- **TASK PROMPT**
Print exactly the line that contains "Brams Paris Danny", then every following line through the end of the material; include nothing else and no pictures.

- **THE DATA**
────────────────────────────────────────
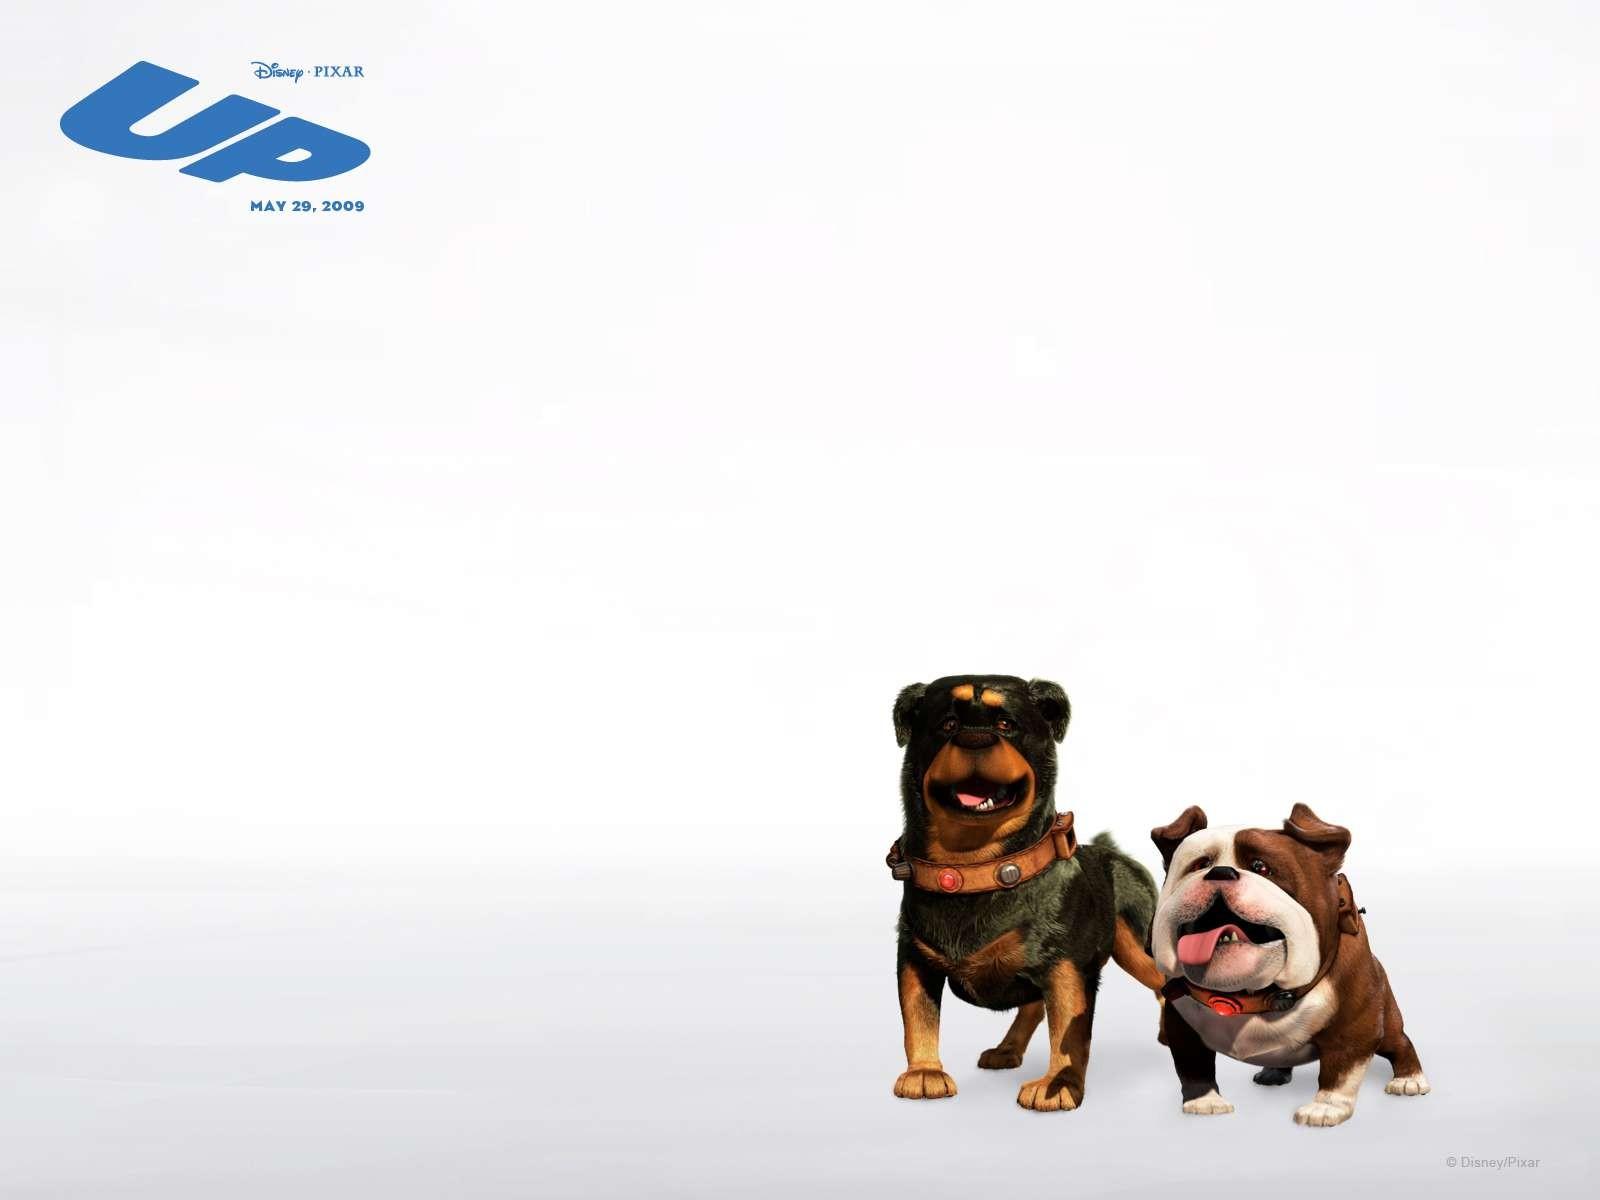 Un wallpaper del film d'animazione Up
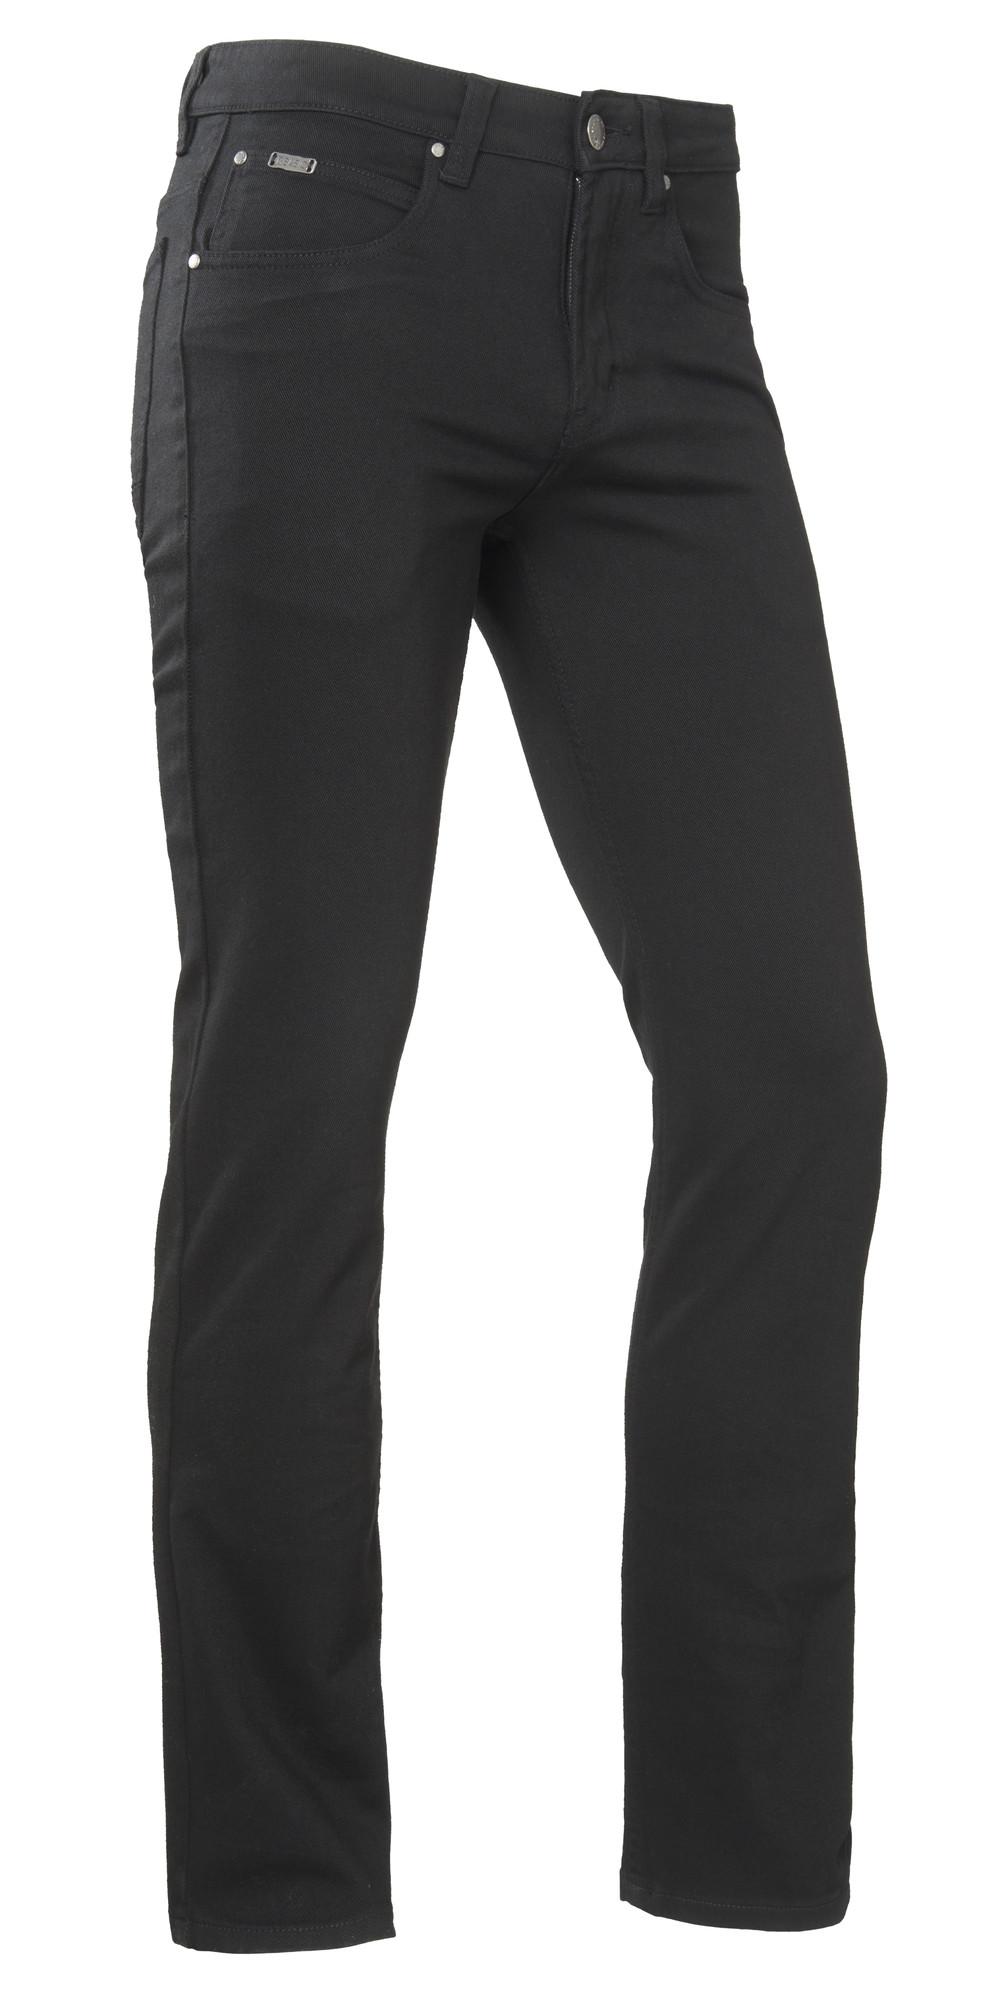 Brams Paris Danny Jeans Stretch (D51 Black Twill) W29-L32
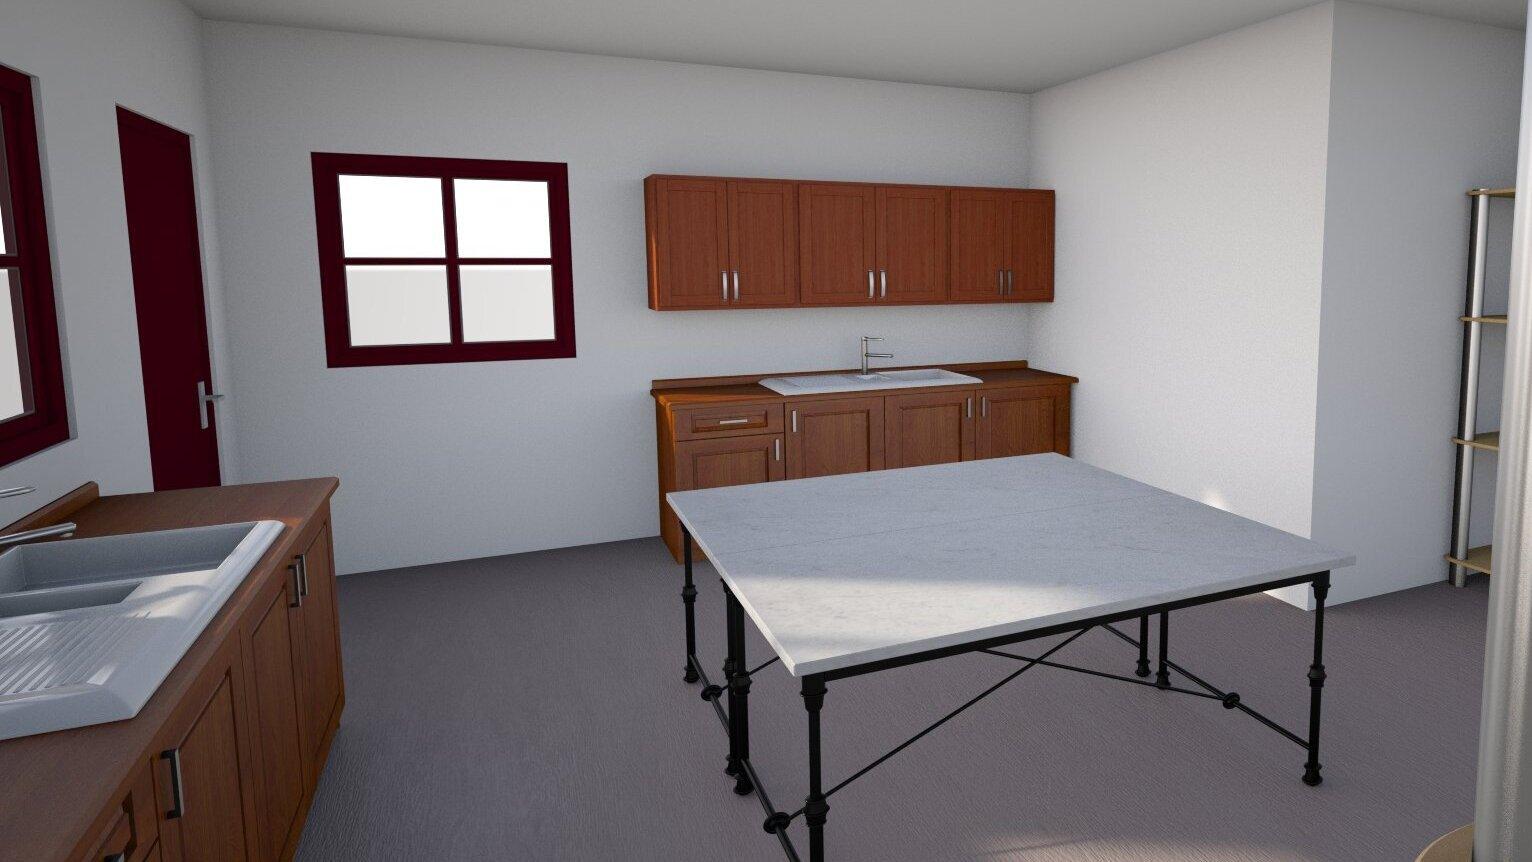 Sterilisation+room.jpg
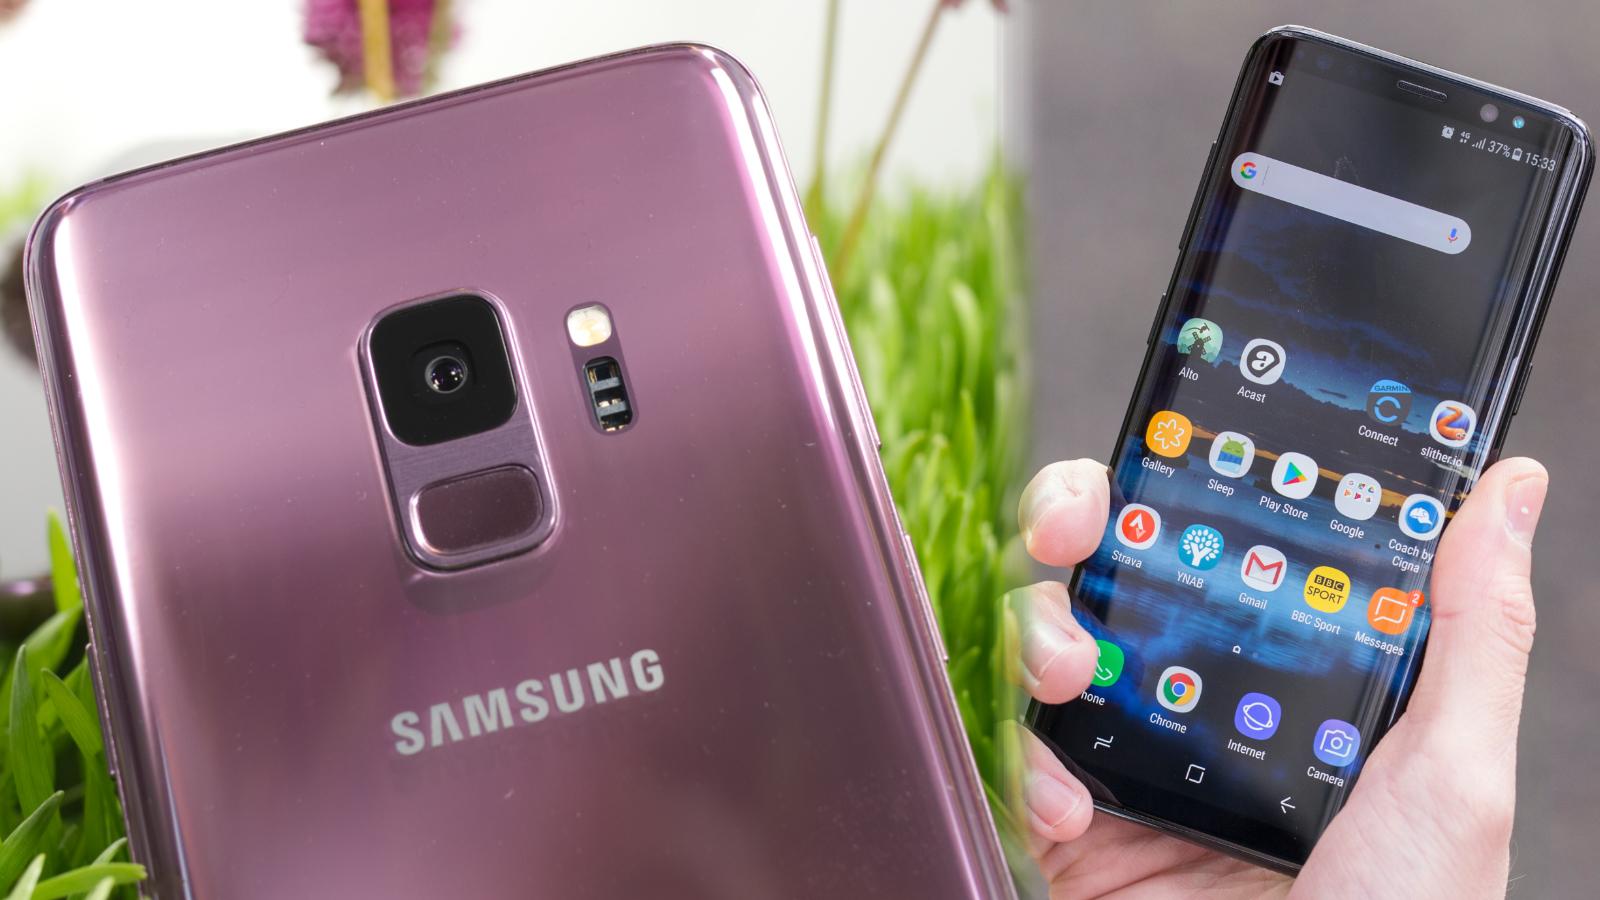 Samsung Galaxy S9 vs Samsung Galaxy S8
────────────────────────────────────────
- **EXERCISE OUTPUT**
 Brams Paris Danny Jeans Stretch (D51 Black Twill) W29-L32
 Sterilisation+room.jpg
 Samsung Galaxy S9 vs Samsung Galaxy S8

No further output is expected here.